Top of Listed entries

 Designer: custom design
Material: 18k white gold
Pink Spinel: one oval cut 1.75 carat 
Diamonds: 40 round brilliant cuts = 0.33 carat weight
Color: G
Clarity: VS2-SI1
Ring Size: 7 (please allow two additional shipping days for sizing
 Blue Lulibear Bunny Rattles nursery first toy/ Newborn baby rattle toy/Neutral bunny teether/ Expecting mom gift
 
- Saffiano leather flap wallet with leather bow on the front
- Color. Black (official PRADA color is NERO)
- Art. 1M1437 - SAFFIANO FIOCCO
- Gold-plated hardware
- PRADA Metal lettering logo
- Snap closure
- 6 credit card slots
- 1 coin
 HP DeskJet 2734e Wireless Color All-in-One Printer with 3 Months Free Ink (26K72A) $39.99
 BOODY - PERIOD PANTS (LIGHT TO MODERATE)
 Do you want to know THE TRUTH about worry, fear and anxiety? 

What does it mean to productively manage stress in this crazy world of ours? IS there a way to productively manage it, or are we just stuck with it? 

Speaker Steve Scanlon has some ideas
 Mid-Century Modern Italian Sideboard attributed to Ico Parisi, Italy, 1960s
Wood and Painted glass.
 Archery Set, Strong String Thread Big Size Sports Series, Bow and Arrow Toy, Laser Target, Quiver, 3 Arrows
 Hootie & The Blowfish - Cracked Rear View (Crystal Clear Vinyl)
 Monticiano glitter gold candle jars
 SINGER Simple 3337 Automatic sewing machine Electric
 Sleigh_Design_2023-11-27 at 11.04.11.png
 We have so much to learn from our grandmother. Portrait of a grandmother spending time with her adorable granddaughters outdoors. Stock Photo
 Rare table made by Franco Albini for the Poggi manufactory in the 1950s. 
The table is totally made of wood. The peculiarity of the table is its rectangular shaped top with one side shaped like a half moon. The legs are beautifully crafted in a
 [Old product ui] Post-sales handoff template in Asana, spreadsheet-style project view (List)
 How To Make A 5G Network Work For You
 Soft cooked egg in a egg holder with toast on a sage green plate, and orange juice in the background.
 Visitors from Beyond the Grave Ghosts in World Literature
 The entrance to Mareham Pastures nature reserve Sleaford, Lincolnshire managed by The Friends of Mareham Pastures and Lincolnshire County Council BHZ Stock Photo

Bottom of Listed entries

* _What you have to do_:
Your answer must be the records above, repeated exactly.

* _Answer section_:
 Designer: custom design
Material: 18k white gold
Pink Spinel: one oval cut 1.75 carat 
Diamonds: 40 round brilliant cuts = 0.33 carat weight
Color: G
Clarity: VS2-SI1
Ring Size: 7 (please allow two additional shipping days for sizing
 Blue Lulibear Bunny Rattles nursery first toy/ Newborn baby rattle toy/Neutral bunny teether/ Expecting mom gift
 
- Saffiano leather flap wallet with leather bow on the front
- Color. Black (official PRADA color is NERO)
- Art. 1M1437 - SAFFIANO FIOCCO
- Gold-plated hardware
- PRADA Metal lettering logo
- Snap closure
- 6 credit card slots
- 1 coin
 HP DeskJet 2734e Wireless Color All-in-One Printer with 3 Months Free Ink (26K72A) $39.99
 BOODY - PERIOD PANTS (LIGHT TO MODERATE)
 Do you want to know THE TRUTH about worry, fear and anxiety? 

What does it mean to productively manage stress in this crazy world of ours? IS there a way to productively manage it, or are we just stuck with it? 

Speaker Steve Scanlon has some ideas
 Mid-Century Modern Italian Sideboard attributed to Ico Parisi, Italy, 1960s
Wood and Painted glass.
 Archery Set, Strong String Thread Big Size Sports Series, Bow and Arrow Toy, Laser Target, Quiver, 3 Arrows
 Hootie & The Blowfish - Cracked Rear View (Crystal Clear Vinyl)
 Monticiano glitter gold candle jars
 SINGER Simple 3337 Automatic sewing machine Electric
 Sleigh_Design_2023-11-27 at 11.04.11.png
 We have so much to learn from our grandmother. Portrait of a grandmother spending time with her adorable granddaughters outdoors. Stock Photo
 Rare table made by Franco Albini for the Poggi manufactory in the 1950s. 
The table is totally made of wood. The peculiarity of the table is its rectangular shaped top with one side shaped like a half moon. The legs are beautifully crafted in a
 [Old product ui] Post-sales handoff template in Asana, spreadsheet-style project view (List)
 How To Make A 5G Network Work For You
 Soft cooked egg in a egg holder with toast on a sage green plate, and orange juice in the background.
 Visitors from Beyond the Grave Ghosts in World Literature
 The entrance to Mareham Pastures nature reserve Sleaford, Lincolnshire managed by The Friends of Mareham Pastures and Lincolnshire County Council BHZ Stock Photo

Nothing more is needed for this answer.